LeanBandits

2 Iterative stochastic algorithms

Warning: all times start at zero.

TODO: notations

All measurable spaces are assumed to be standard Borel.

Definition 2.1 Algorithm
#

A sequential, stochastic algorithm with actions in a measurable space \(\mathcal{A}\) and observations in a measurable space \(\mathcal{R}\) is described by the following data:

  • for all \(t \in \mathbb {N}\), a policy \(\pi _t : (\mathcal{A} \times \mathcal{R})^{t+1} \rightsquigarrow \mathcal{A}\), a Markov kernel which gives the distribution of the action of the algorithm at time \(t+1\) given the history of previous actions and observations,

  • \(P_0 \in \mathcal{P}(\mathcal{A})\), a probability measure that gives the distribution of the first action.

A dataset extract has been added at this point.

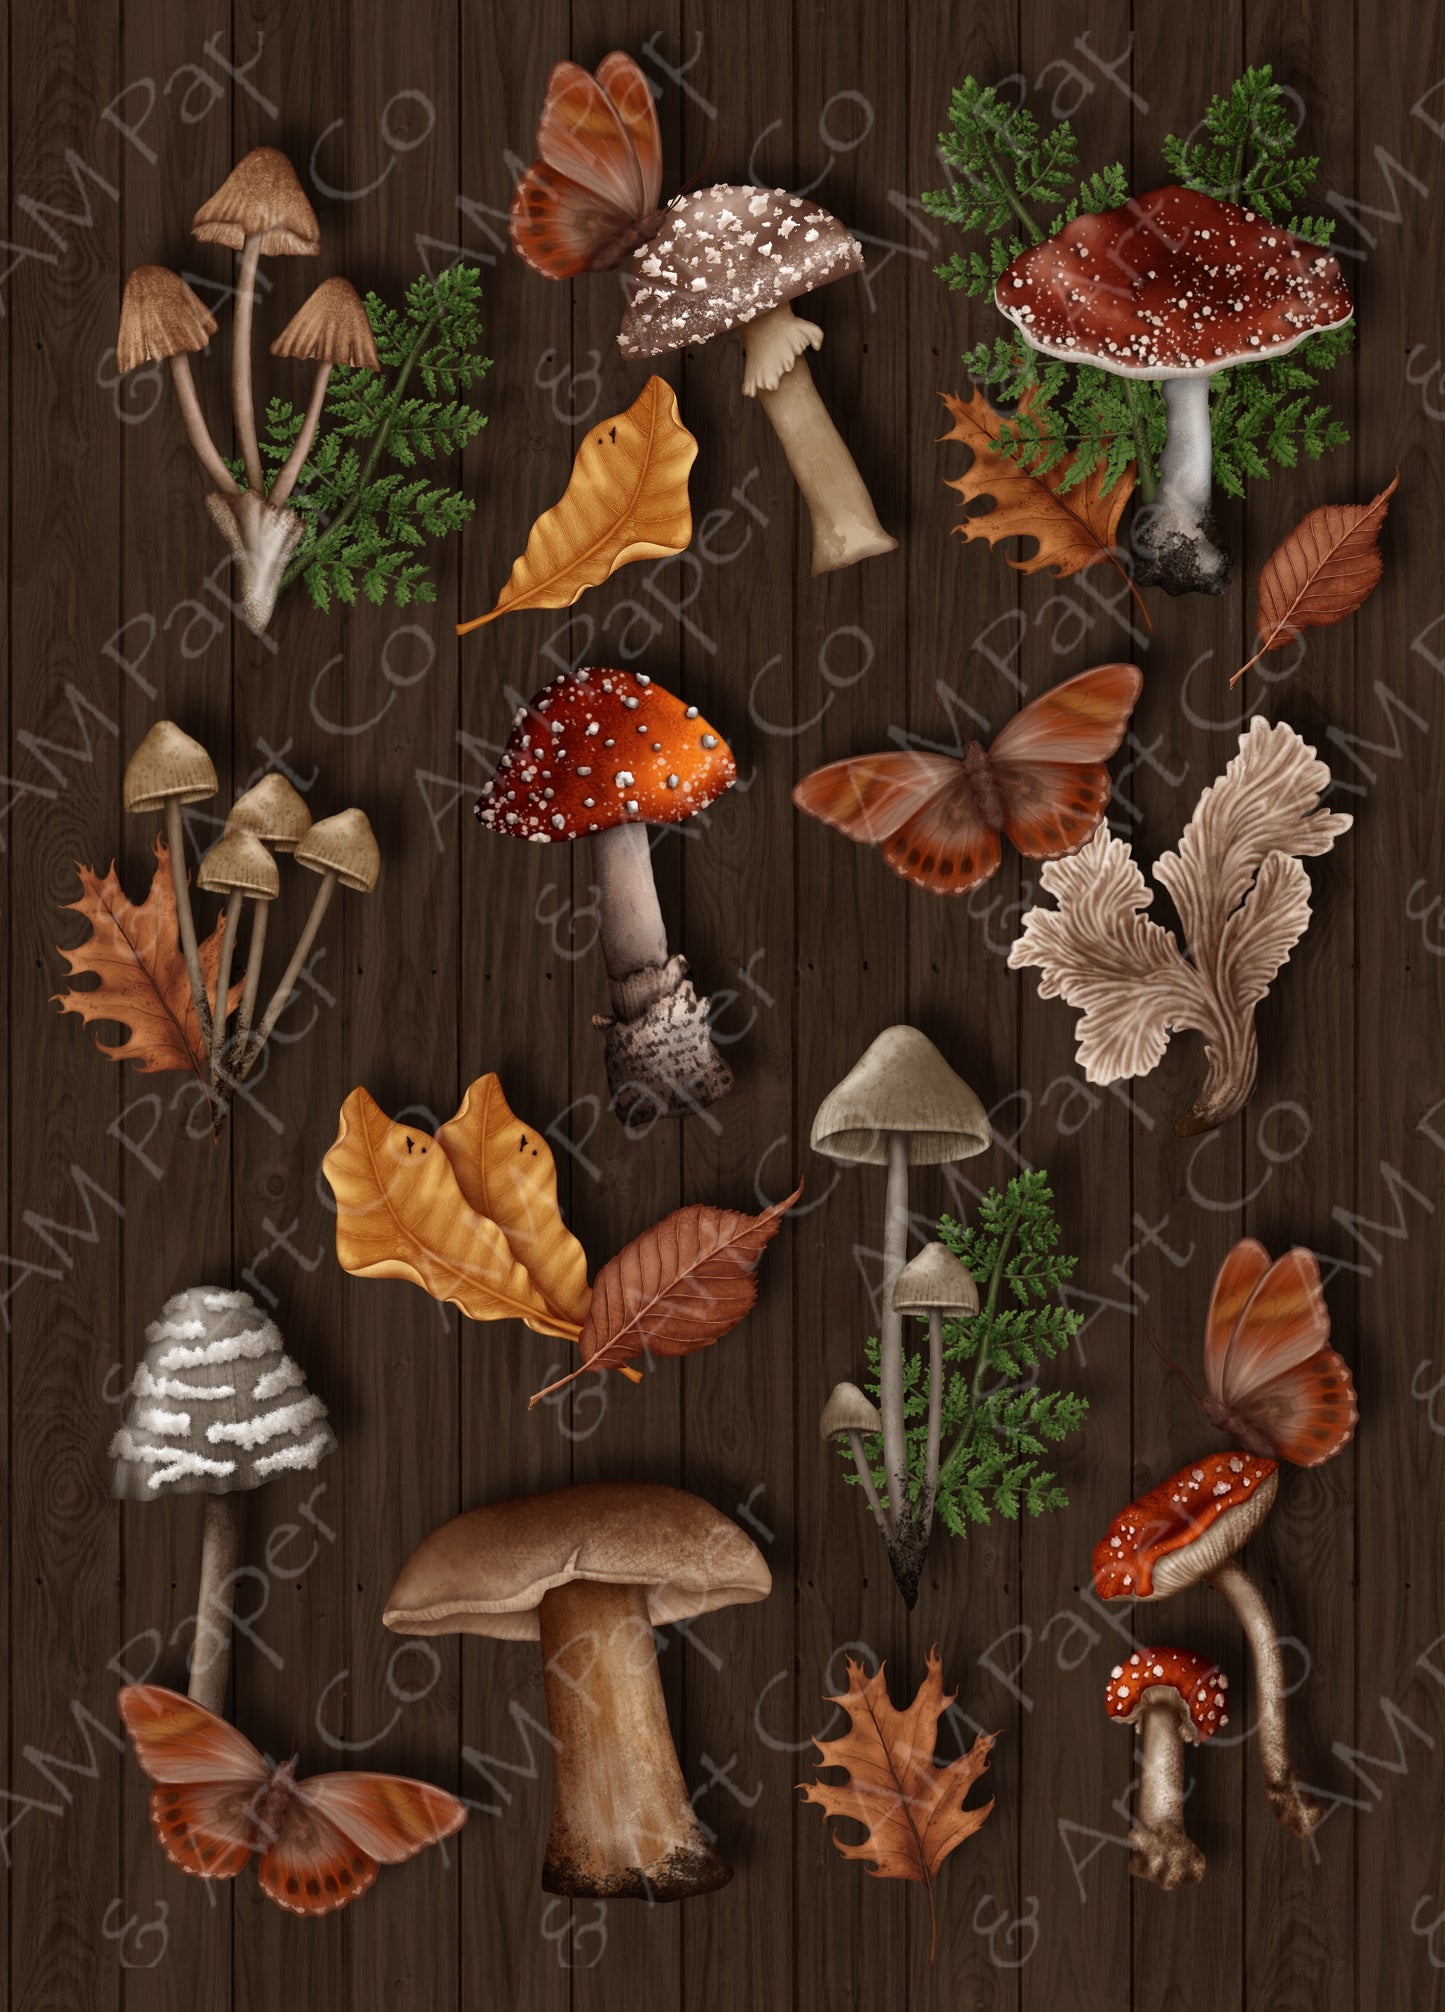 Maryann's Mushrooms Art Print/Postcard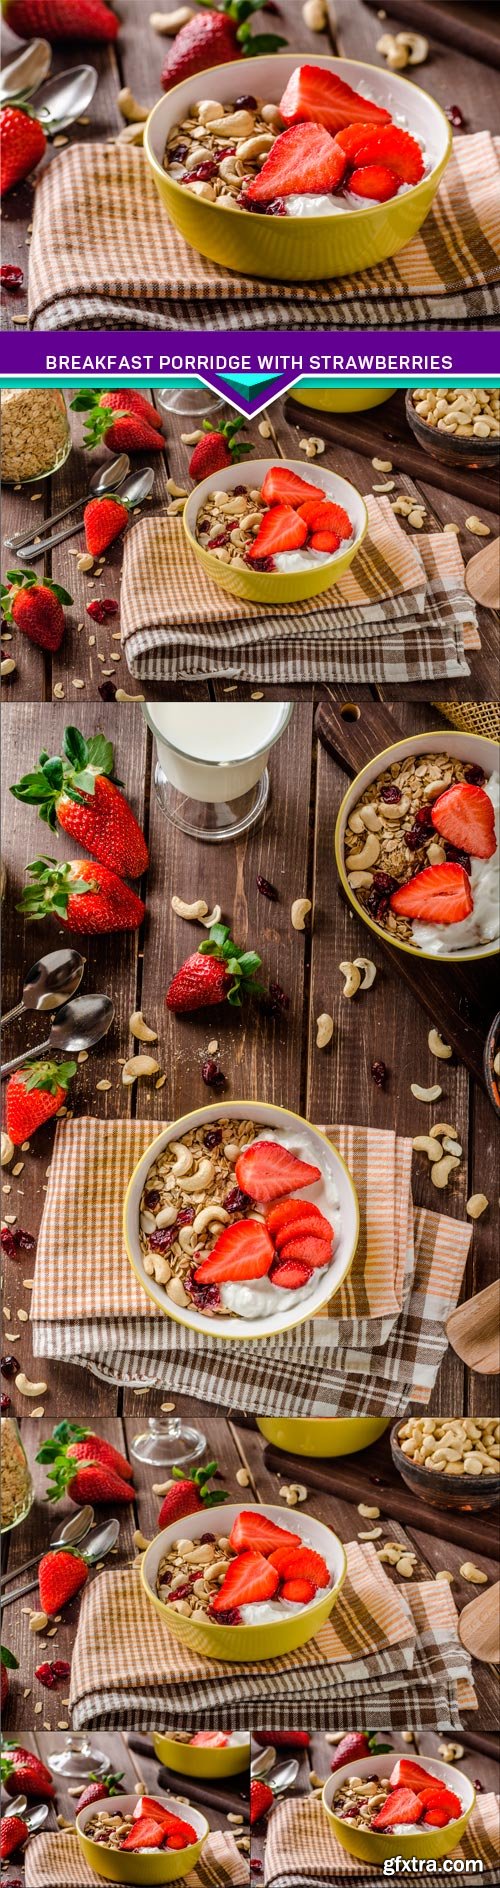 Breakfast porridge with strawberries 5x JPEG

After the algorithm takes an action, the environment generates an observation according to a Markov kernel \(\nu _t : (\mathcal{A} \times \mathcal{R})^{t+1} \times \mathcal{A} \rightsquigarrow \mathcal{R}\).

Definition 2.2 Environment
#

An environment with which an algorithm interacts is described by the following data:

  • for all \(t \in \mathbb {N}\), a feedback \(\nu _t : (\mathcal{A} \times \mathcal{R})^{t+1} \times \mathcal{A} \rightsquigarrow \mathcal{R}\), a Markov kernel which gives the distribution of the observation at time \(t+1\) given the history of previous pulls and observations, and the action of the algorithm at time \(t+1\),

  • \(\nu '_0 \in \mathcal{A} \rightsquigarrow \mathcal{R}\), a Markov kernel that gives the distribution of the first observation given the first action.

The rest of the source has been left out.